Records provided |
*** Begin section ***
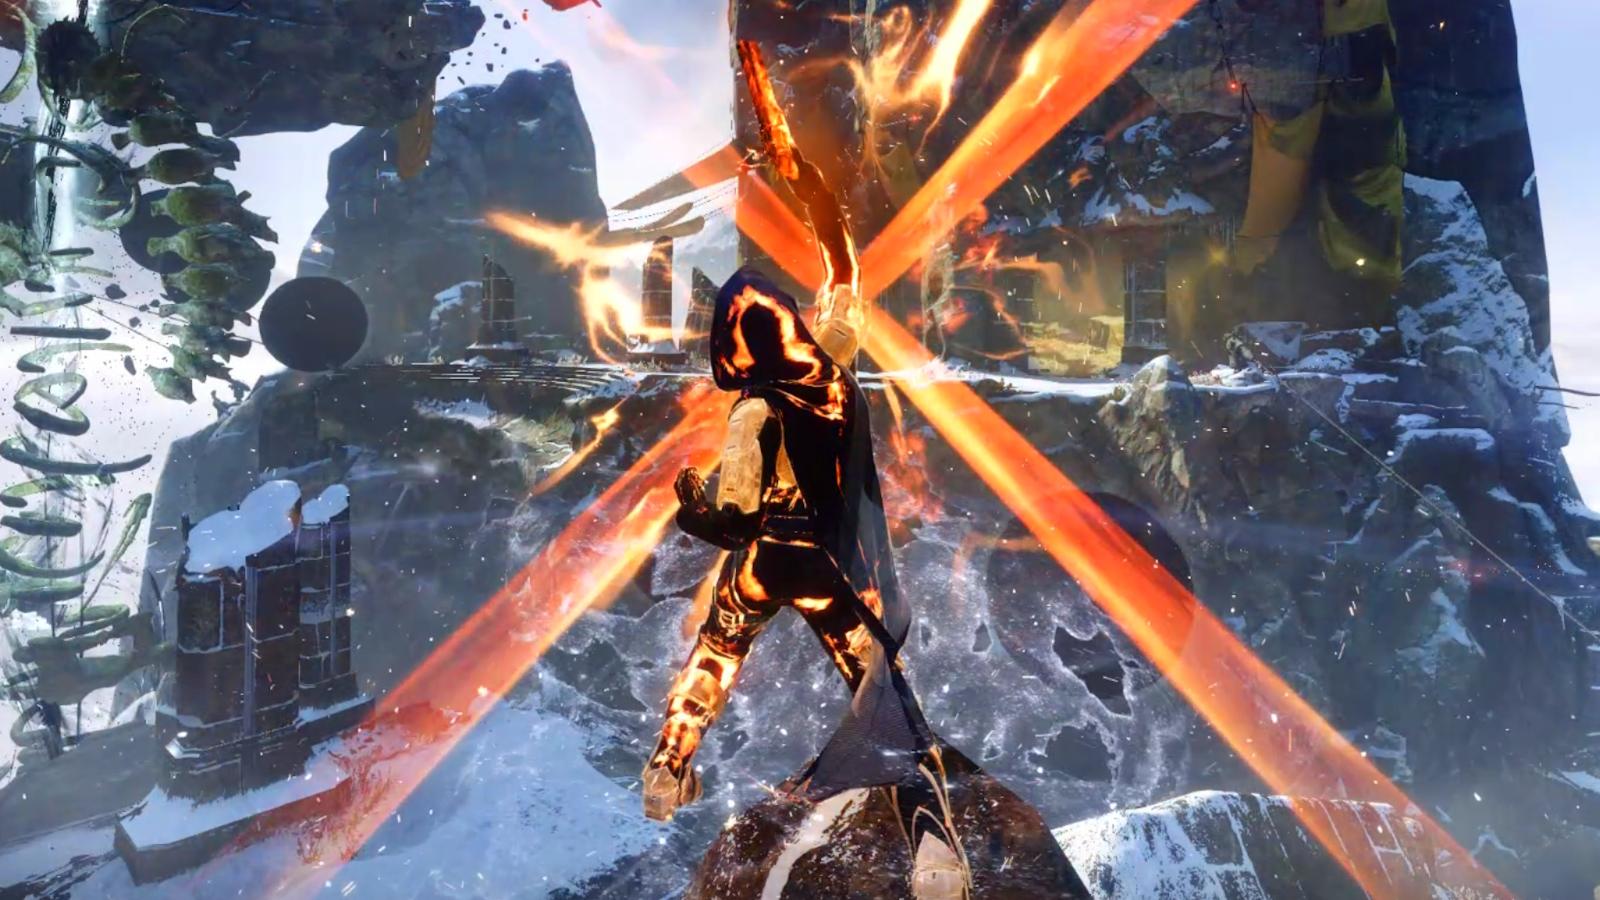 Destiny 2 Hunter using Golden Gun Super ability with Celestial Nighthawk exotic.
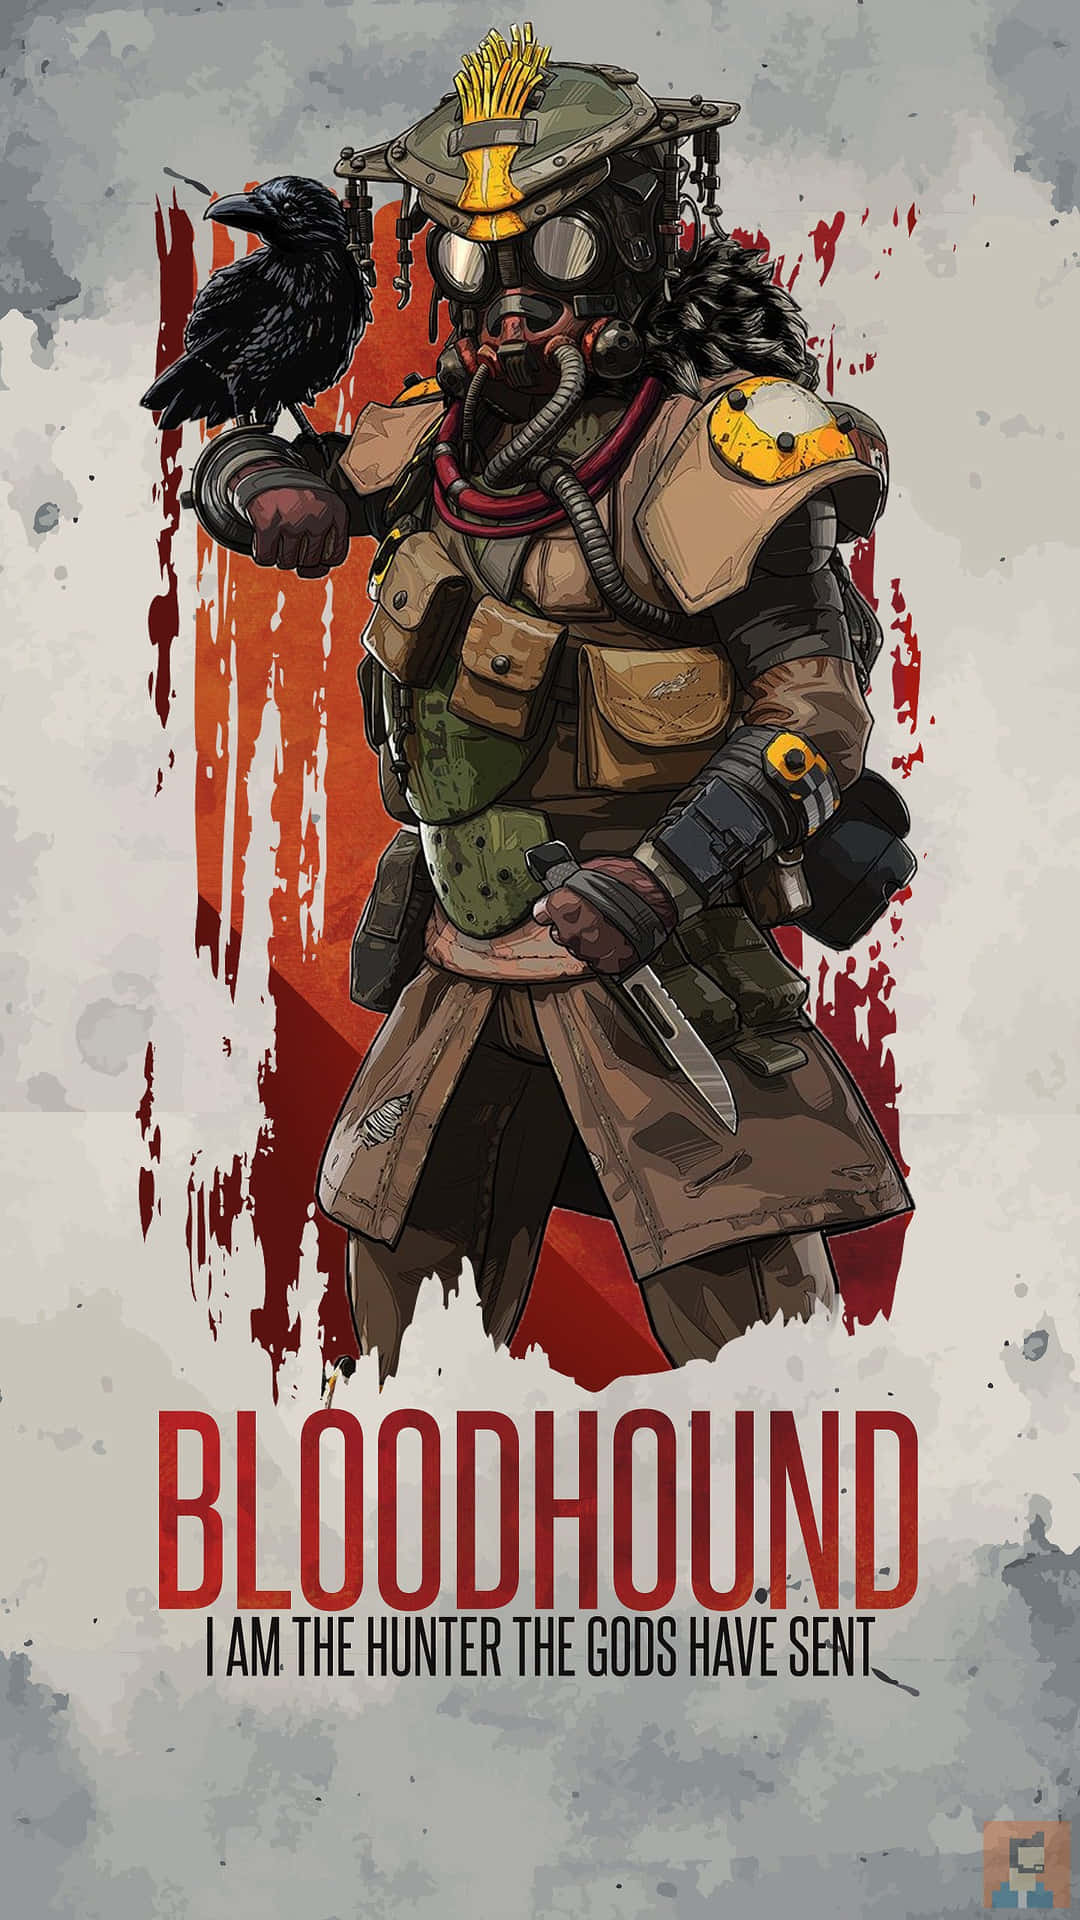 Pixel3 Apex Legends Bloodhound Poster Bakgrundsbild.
*** End section ***
*** Begin section ***
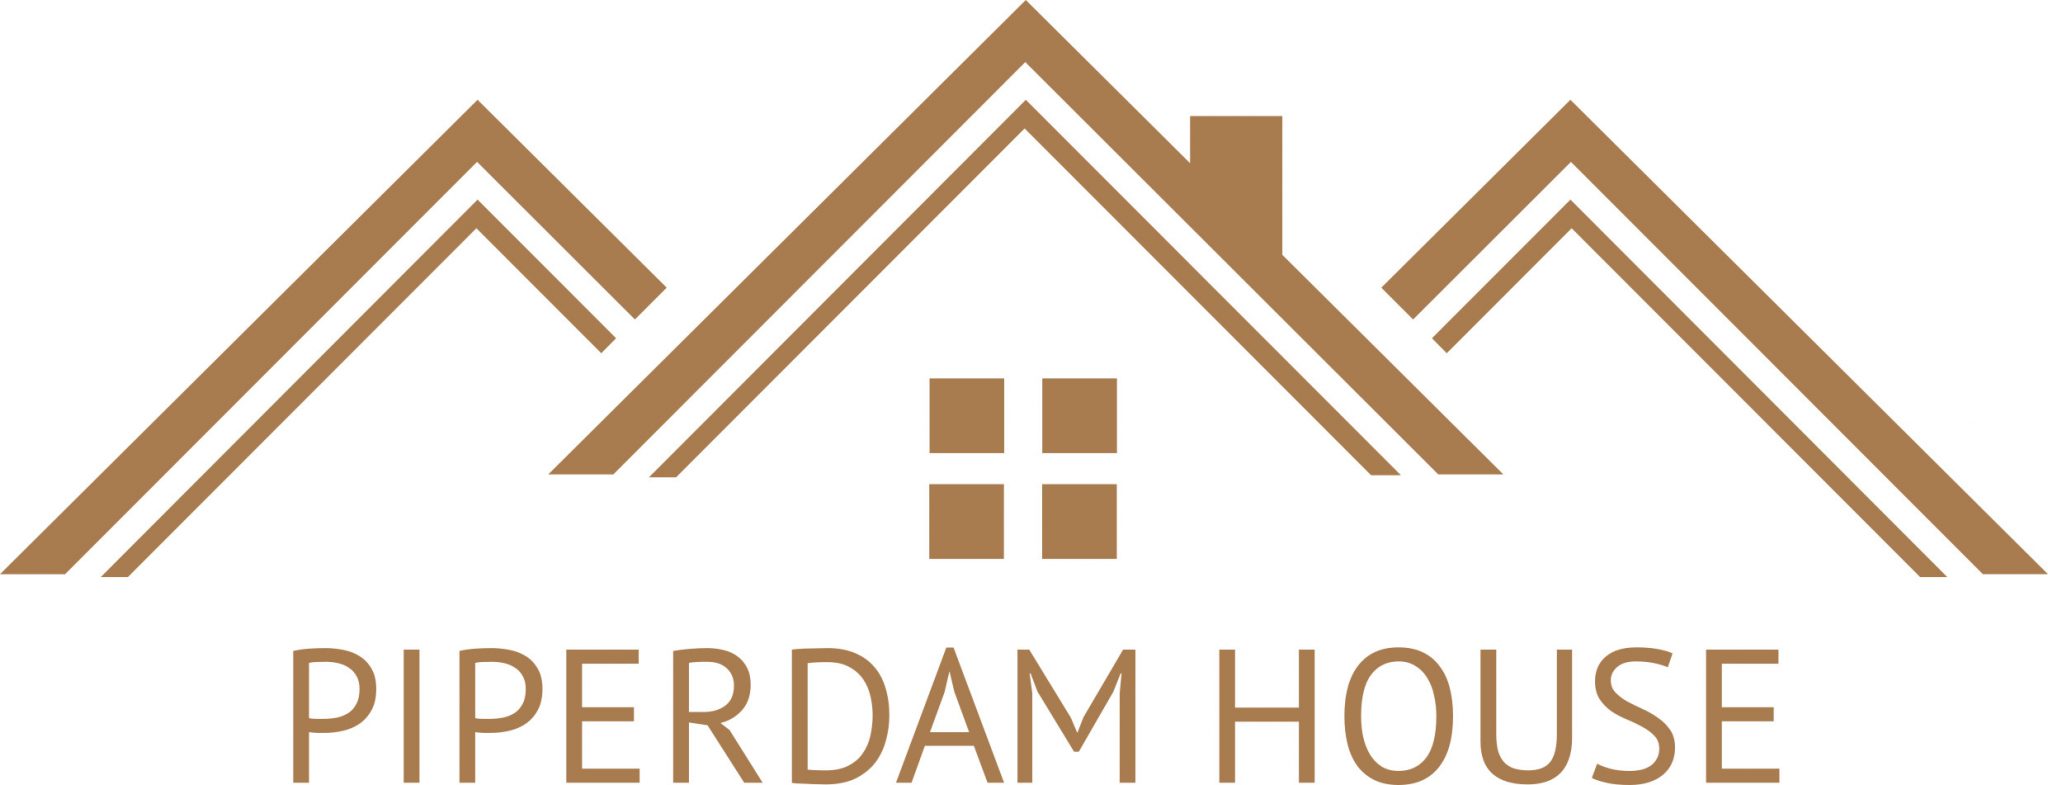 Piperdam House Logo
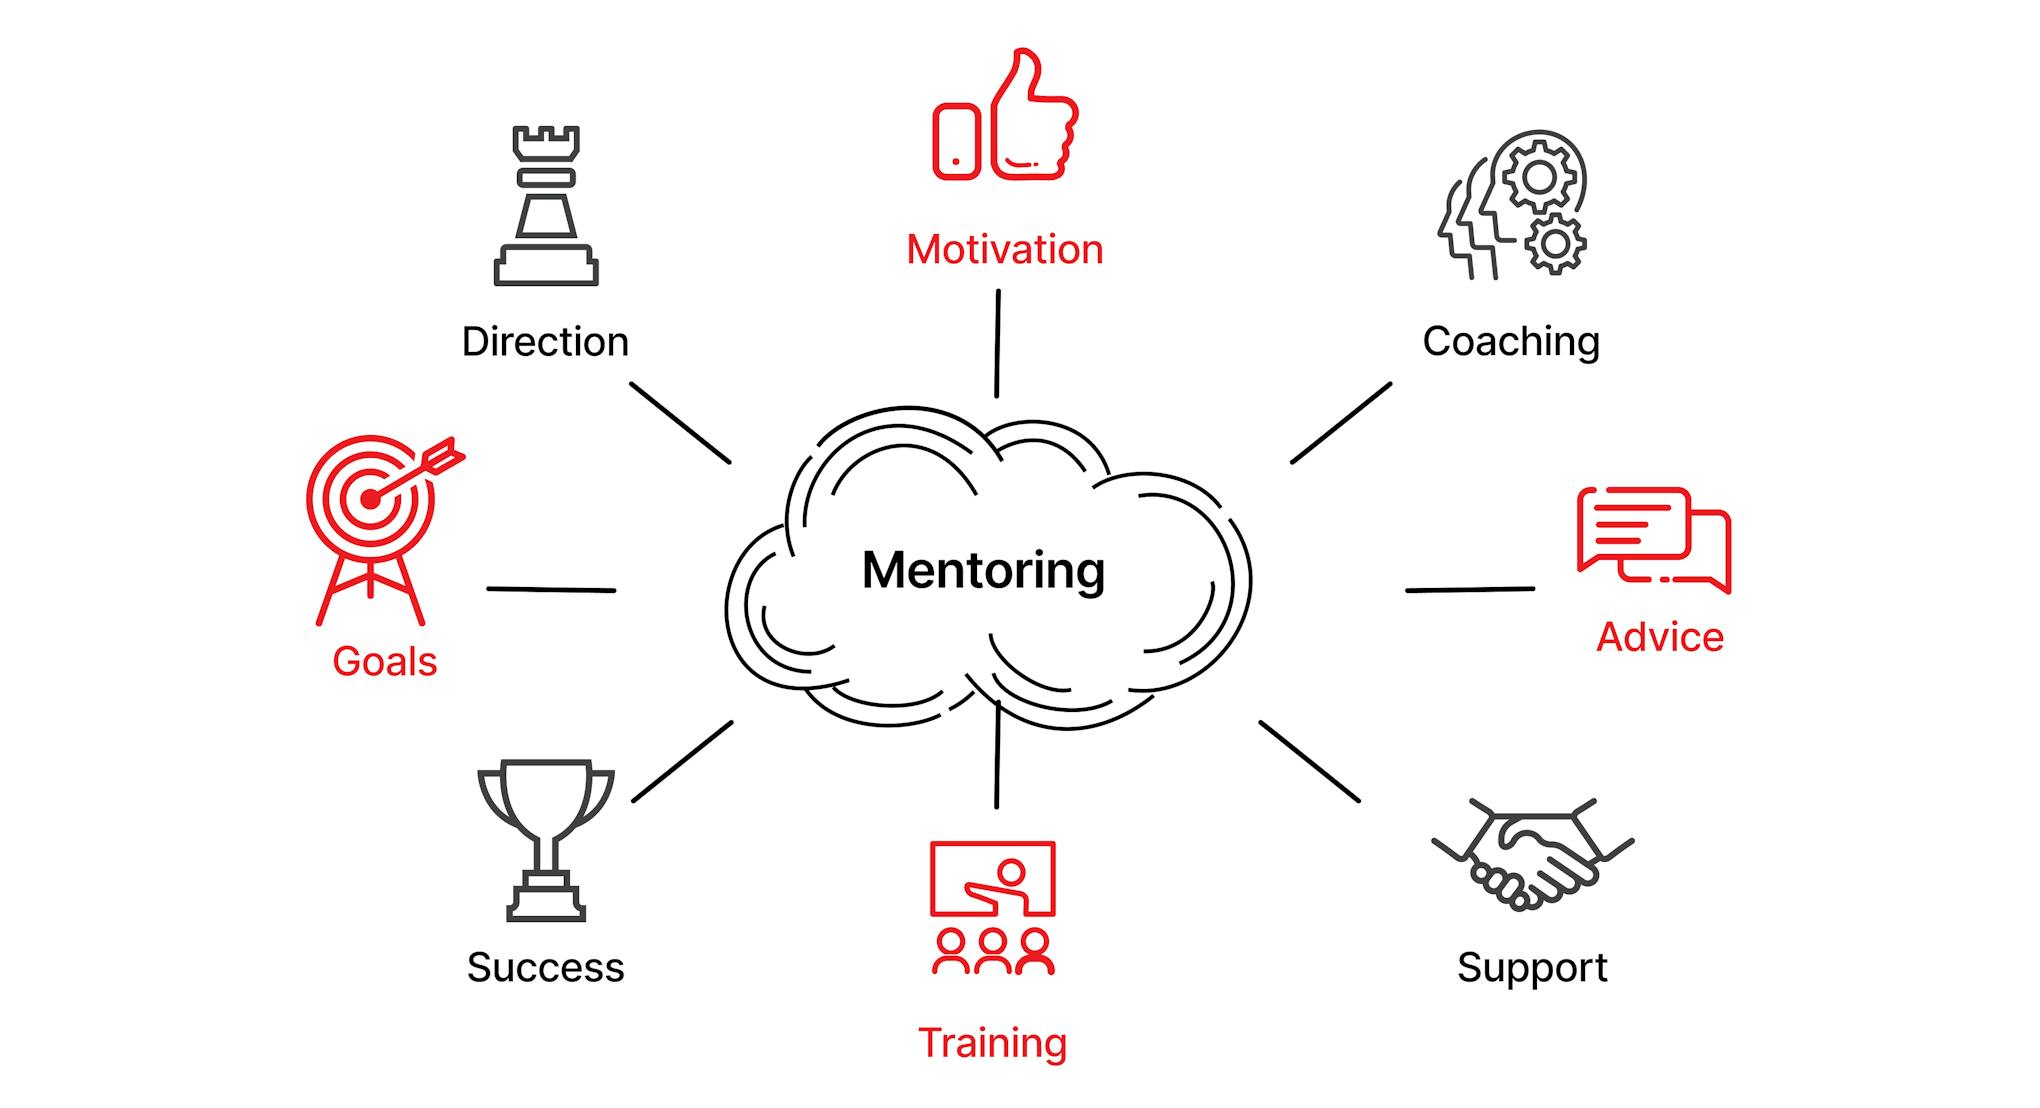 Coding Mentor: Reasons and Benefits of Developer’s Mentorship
*** End section ***
What you write out is the stretch of entries from the line containing "Destiny 2 Hunter" to the line containing "Pixel3 Apex Legends", word for word, with both end lines and no pictures.

Result for this exercise |
 Destiny 2 Hunter using Golden Gun Super ability with Celestial Nighthawk exotic.
 Pixel3 Apex Legends Bloodhound Poster Bakgrundsbild.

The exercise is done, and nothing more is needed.